To facilitate identity resolution in an interagency data request, each Participating Agency must structure the input file so that there is one unique record per Individual represented. Data that may have been pulled from a dimensional data source will be flattened to produce an input file in this format. Additionally, the Participating Agency should structure the file with a unique generic ID to each unique record in the file that identifies the Participating Agency which is providing the information.
Participating Agencies Data Stewards should follow the standardized formatting requirements when preparing a data file for matching. The Data Integration Hub has the right to reject any data that does not meet these standards.
For matching files – Files should be in a tab delimited text file. There should not be quotations around text fields.
For analytical files – Files should be in the format requested and approved for the given data request.
The file naming standard for data files transferred via SFTP is as follows:
a. Agency acronym
b. Data Request Number listed in DSA
c. Date file was created (MM_DD_YYYY)
d. Contents of file (matching, analytical, key)
example: “DOL.000.01_01_2000.matching”
The table below identifies the most commonly requested data variables.
Field/Data Element | Format | Possible Values | Definition | Comment |
---|---|---|---|---|
SSN | Text or Varchar(9) | Social security # | With leading zero | |
DOB | YYYYMMDD | YYYYMMDD | Date of Birth | As a text field |
Gender | Text or varchar(1) | M = male, F = female, U = unknown | Gender | |
Race/Ethnicity | ||||
LastName | Text | |||
MiddleName | Text | |||
FirstName | Text | |||
SASID | Text or varchar(10) | State Assigned Student Identification Number | ||
HighSchoolCode | Text or varchar(6) | CollegeBoard HS assigned code | Include leading zero | |
Fake ID | A unique fake identifier to be used |
Metadata is structured data about data. High quality metadata provides helpful context about the data’s creation, quality, and uses and is key to improving data discovery. Metadata helps to answer the question “what is the data about?” by providing more detail about various characteristics of the data, including information about the data source, update frequency, and level of detail. Dataset metadata elements should include:
Related guidance for metadata on the open data portal can be found here. Participating Agencies should provide key metadata to accompany the interagency Data Dictionary fields. The Data Governing Board is responsible for developing, documenting and monitoring Data Definitions and Metadata for shared Data Elements within the cross-agency Data Dictionary. The Operating Group works with the Data Governing Board to ensure that the Data Dictionary for each Participating Agency is complete and up-to-date.

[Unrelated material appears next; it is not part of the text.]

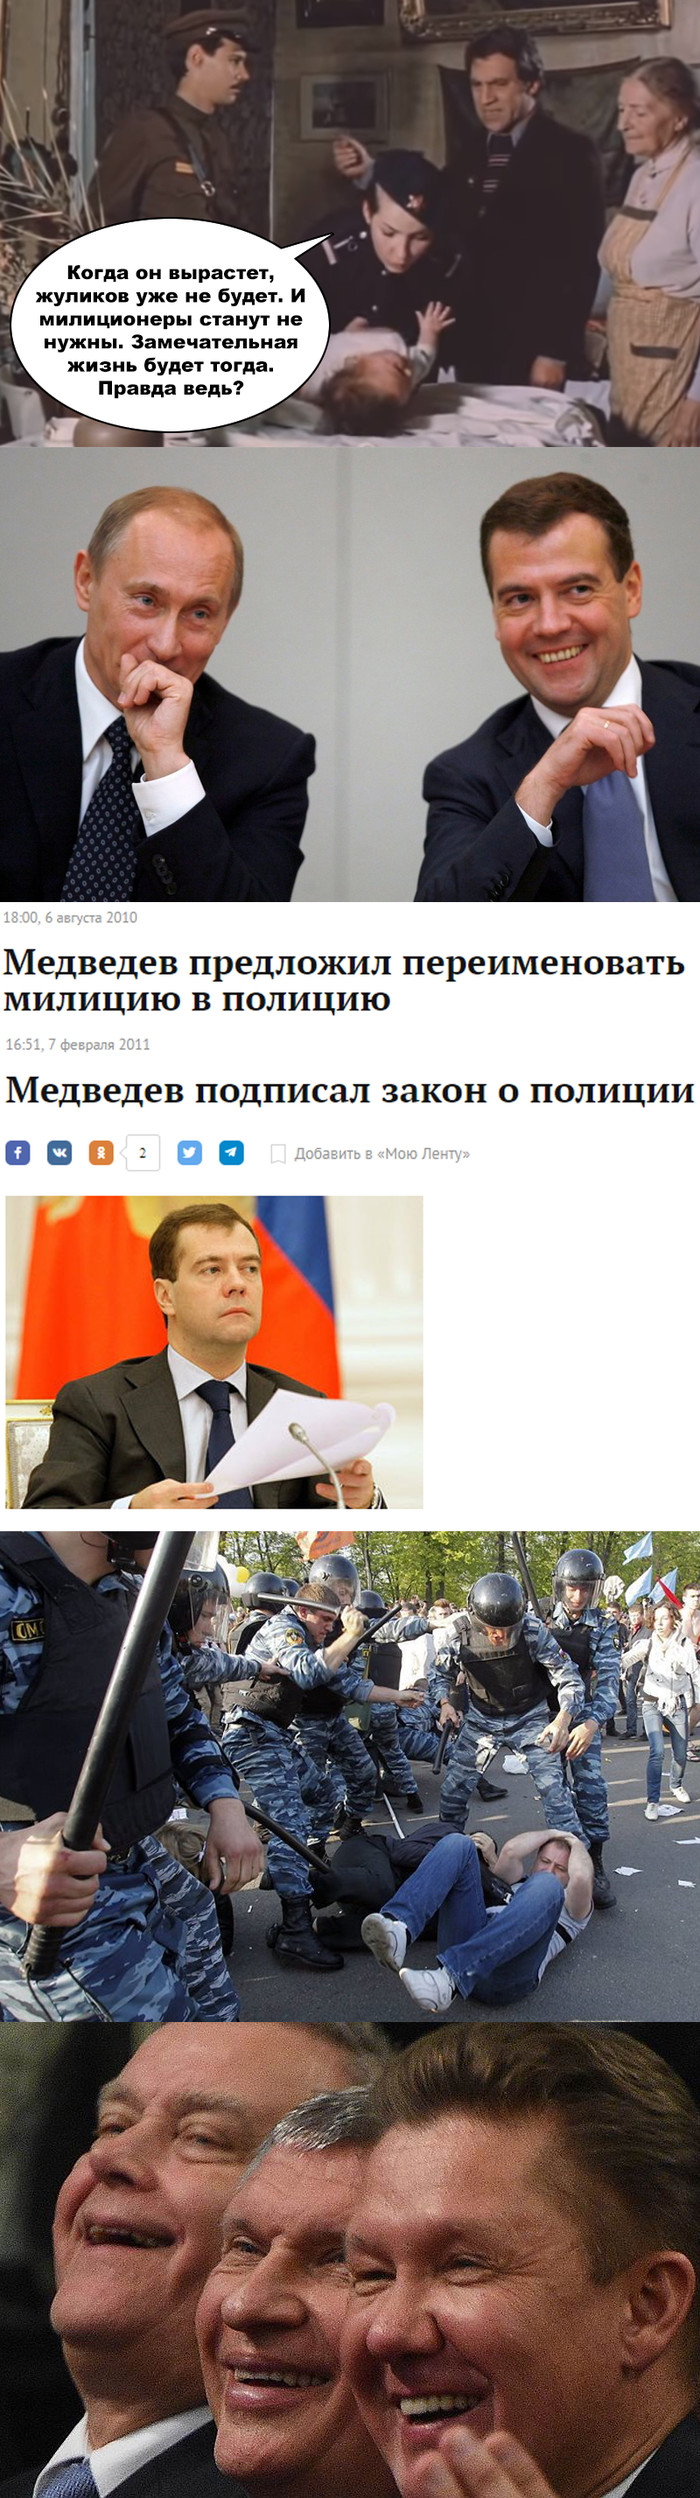 Naive Varenka - Militia, Police, Dmitry Medvedev, Vladimir Putin, Oligarchs, Longpost, Meeting place can not be Changed, Politics

Cross-agency data sharing is for legitimate governmental purposes, which can include evidence-based policy-making, academic research to support the wellbeing of state residents, and mandated, periodic state reporting. Each Participating Agency and the Data Integration Hub can only use Data for the authorized Data Sharing Request purpose and no other purpose in accordance with applicable federal and state law, the P20Win E-MOU and the Data Sharing Agreement. No participating agency, person or entity can maintain, use, disclose or share Data in a manner inconsistent with the terms of the P20Win E-MOU or its Appendices and applicable federal and state laws and regulations. Upon completion of the approved project in a Data Request, all Data must be destroyed as determined by the Participating Agencies in the Data Sharing Agreement. In accordance with applicable law and the P20Win E-MOU, the Data Governing Board establishes the parameters for Data Transmission and Data destruction.